INFORMATION SHOWN:
──────────────────────────────

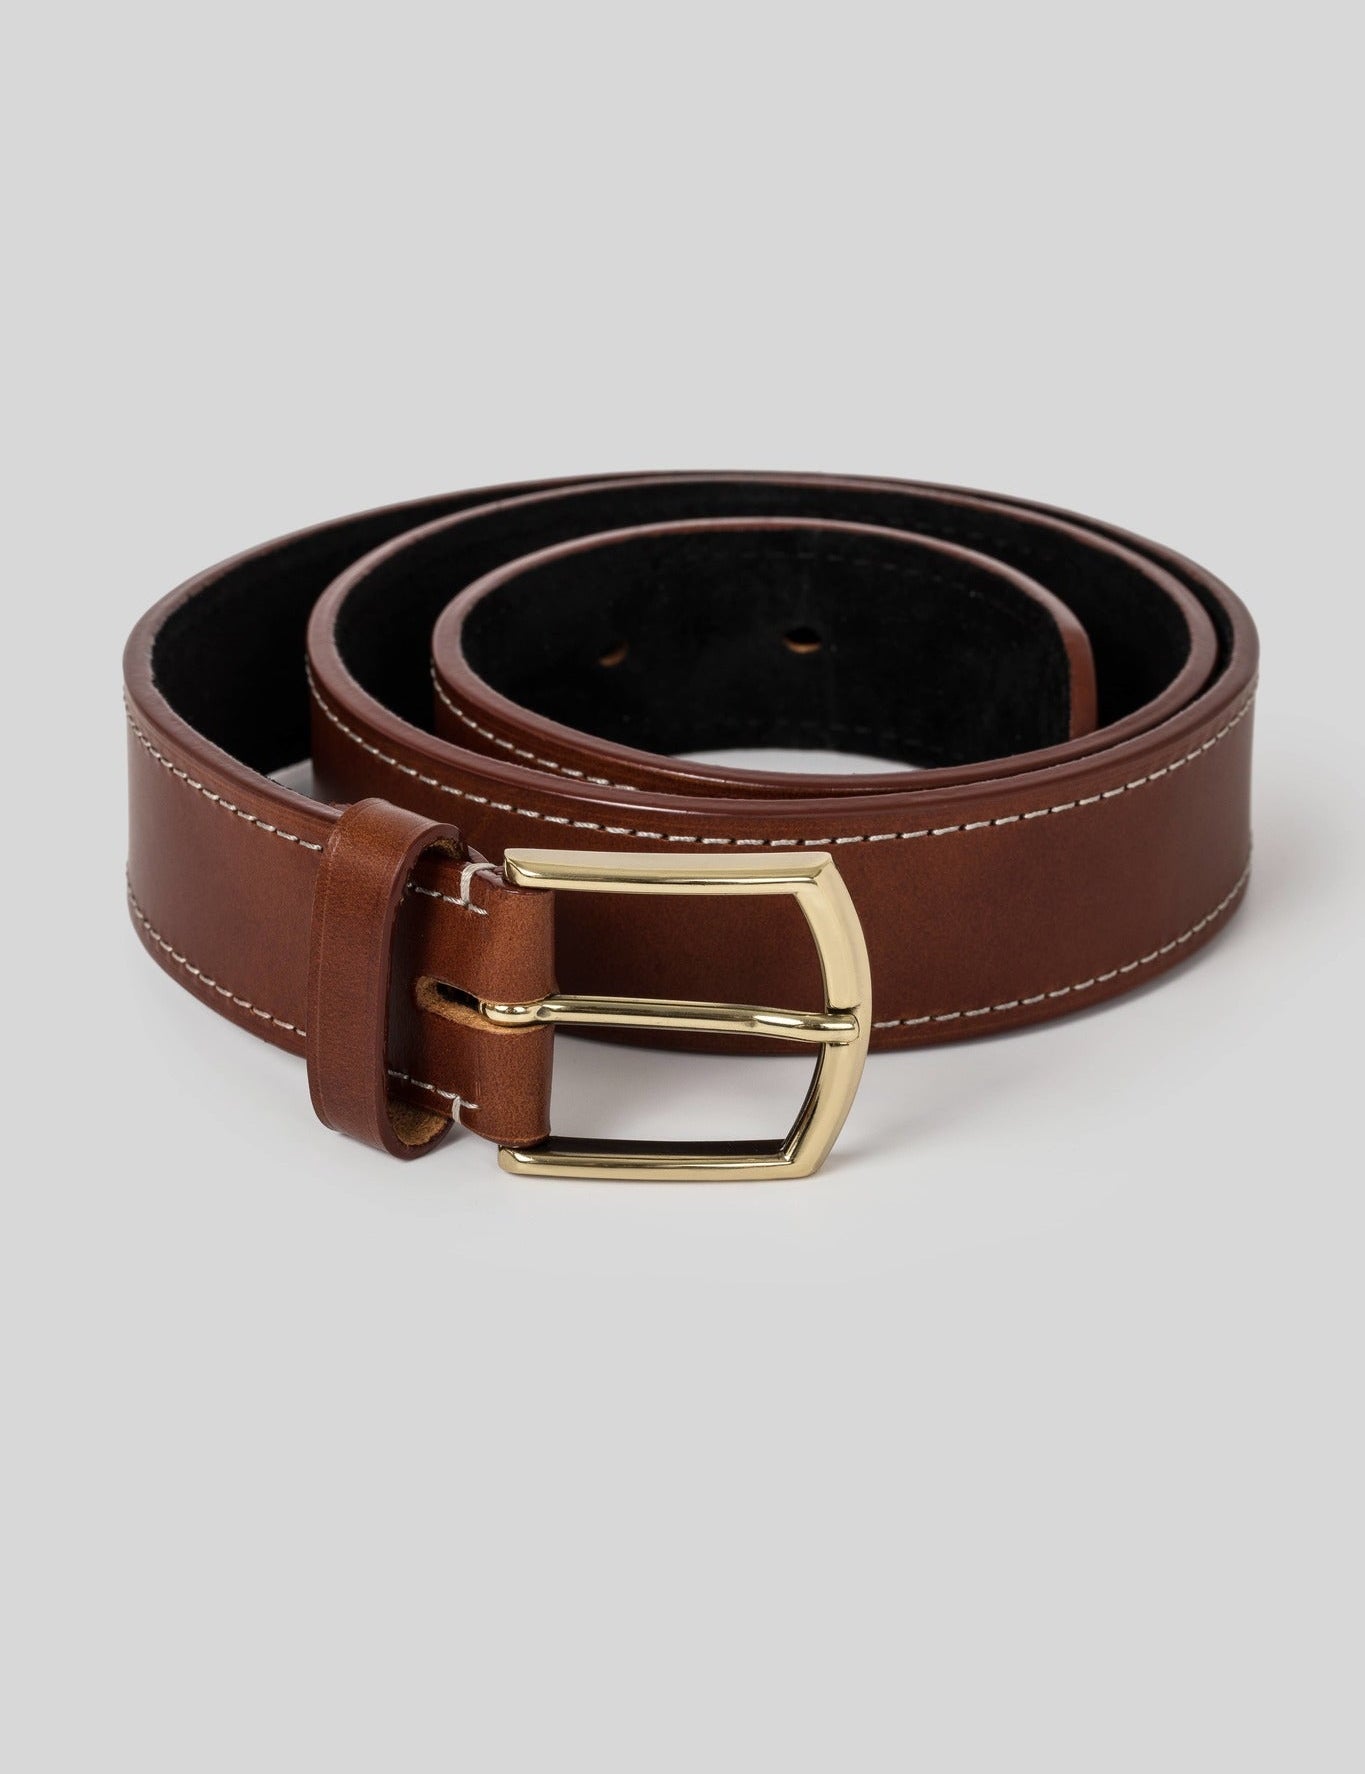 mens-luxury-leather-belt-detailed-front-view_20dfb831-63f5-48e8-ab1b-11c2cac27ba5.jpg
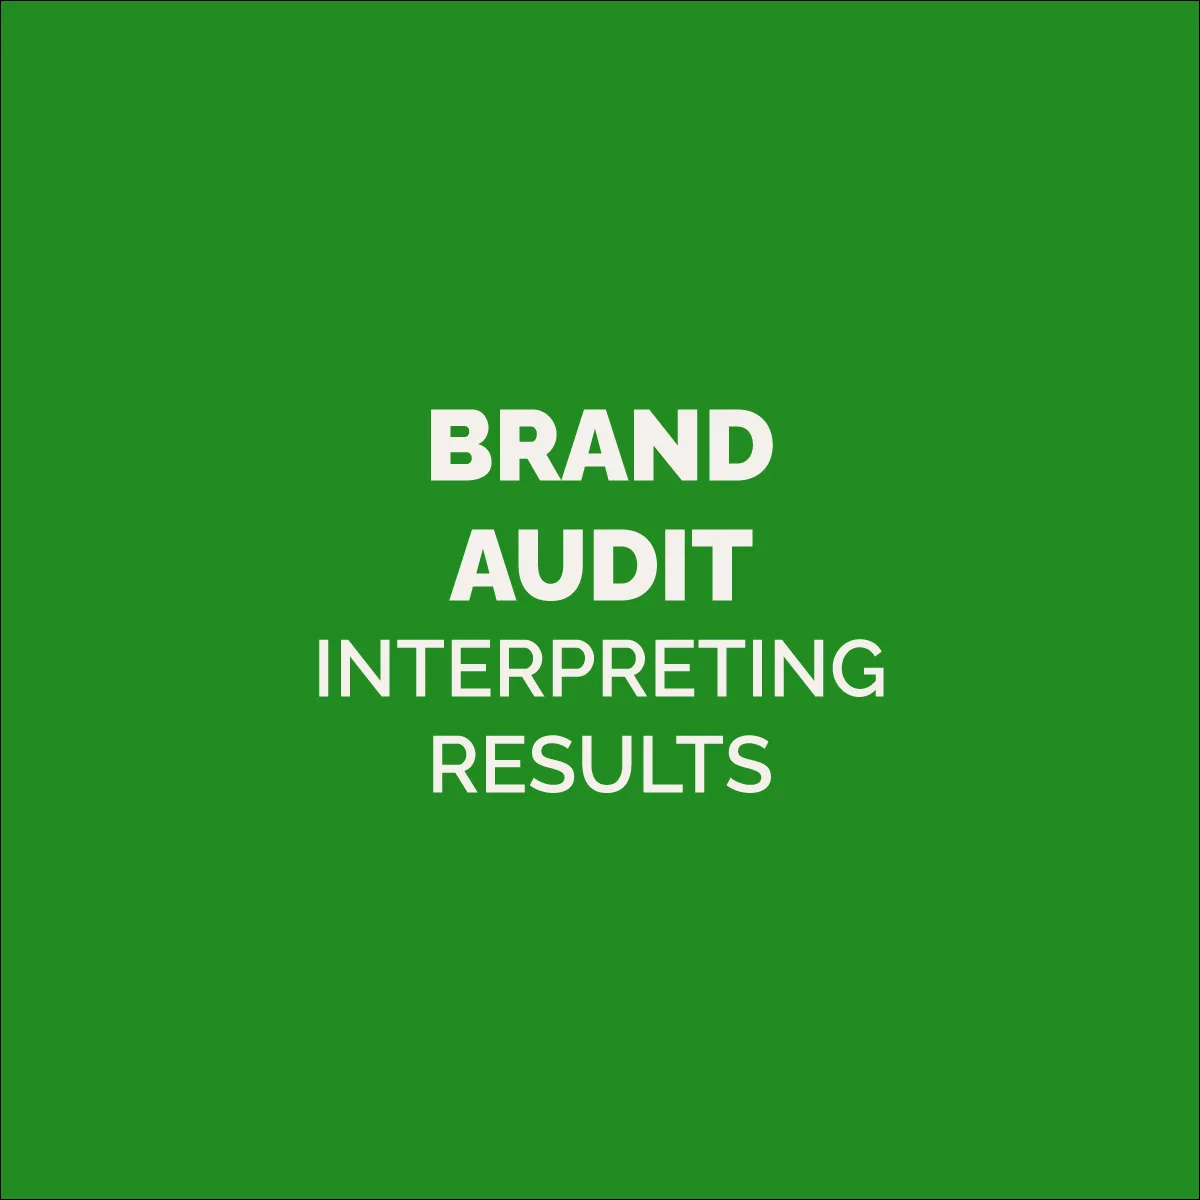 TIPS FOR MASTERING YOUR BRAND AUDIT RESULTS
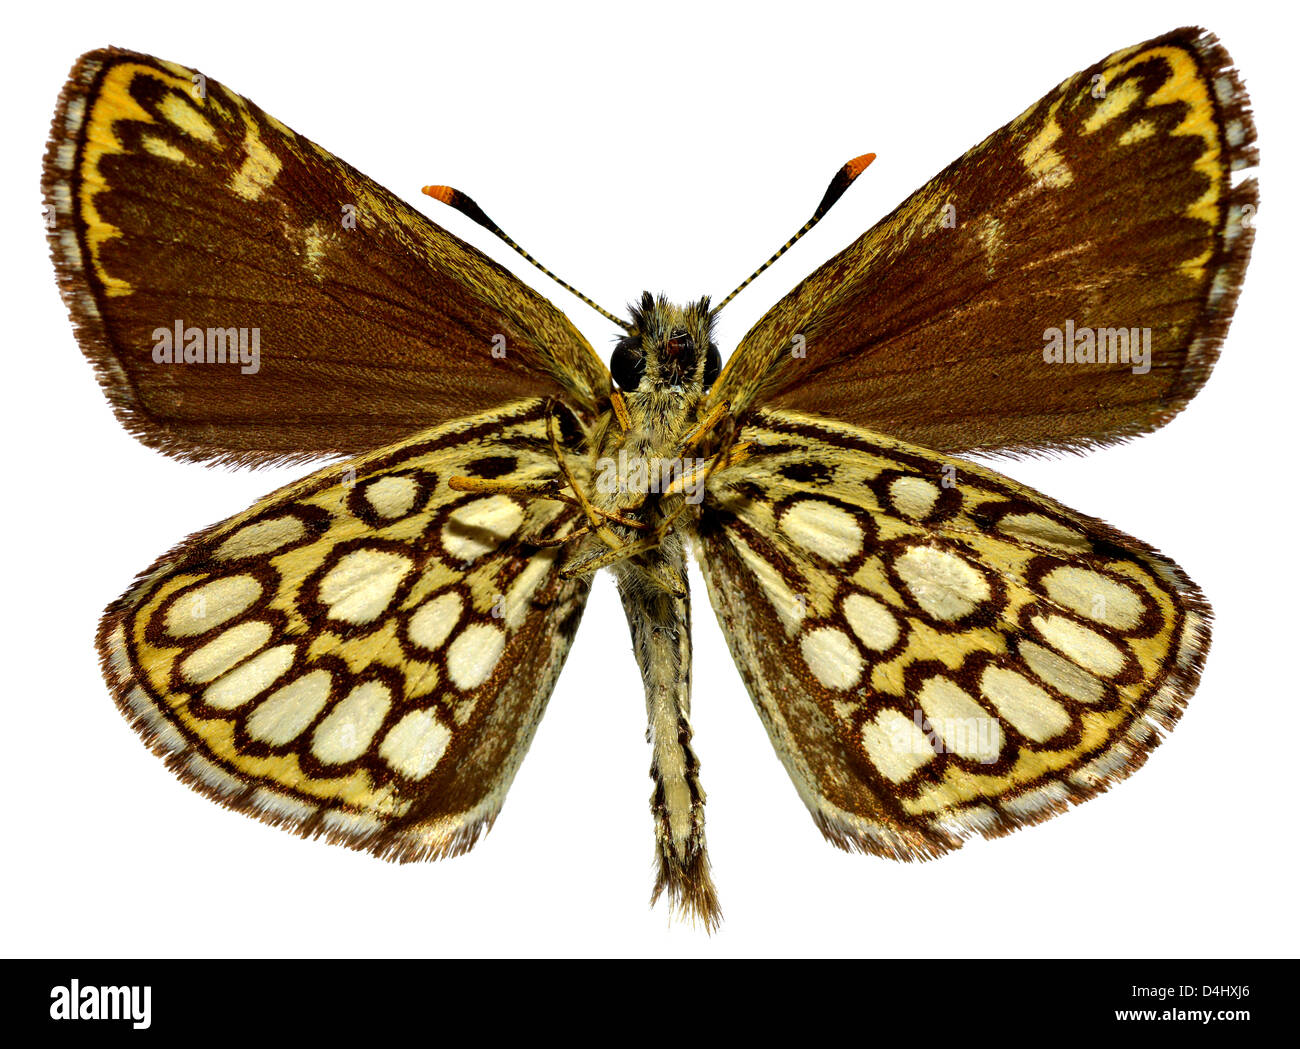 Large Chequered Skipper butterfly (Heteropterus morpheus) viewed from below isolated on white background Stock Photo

──────────────────────────────

WHAT TO PRODUCE:
Could you retype each line of the material above exactly, skipping the pictures?

FINAL ANSWER:
 mens-luxury-leather-belt-detailed-front-view_20dfb831-63f5-48e8-ab1b-11c2cac27ba5.jpg
 TIPS FOR MASTERING YOUR BRAND AUDIT RESULTS
 Large Chequered Skipper butterfly (Heteropterus morpheus) viewed from below isolated on white background Stock Photo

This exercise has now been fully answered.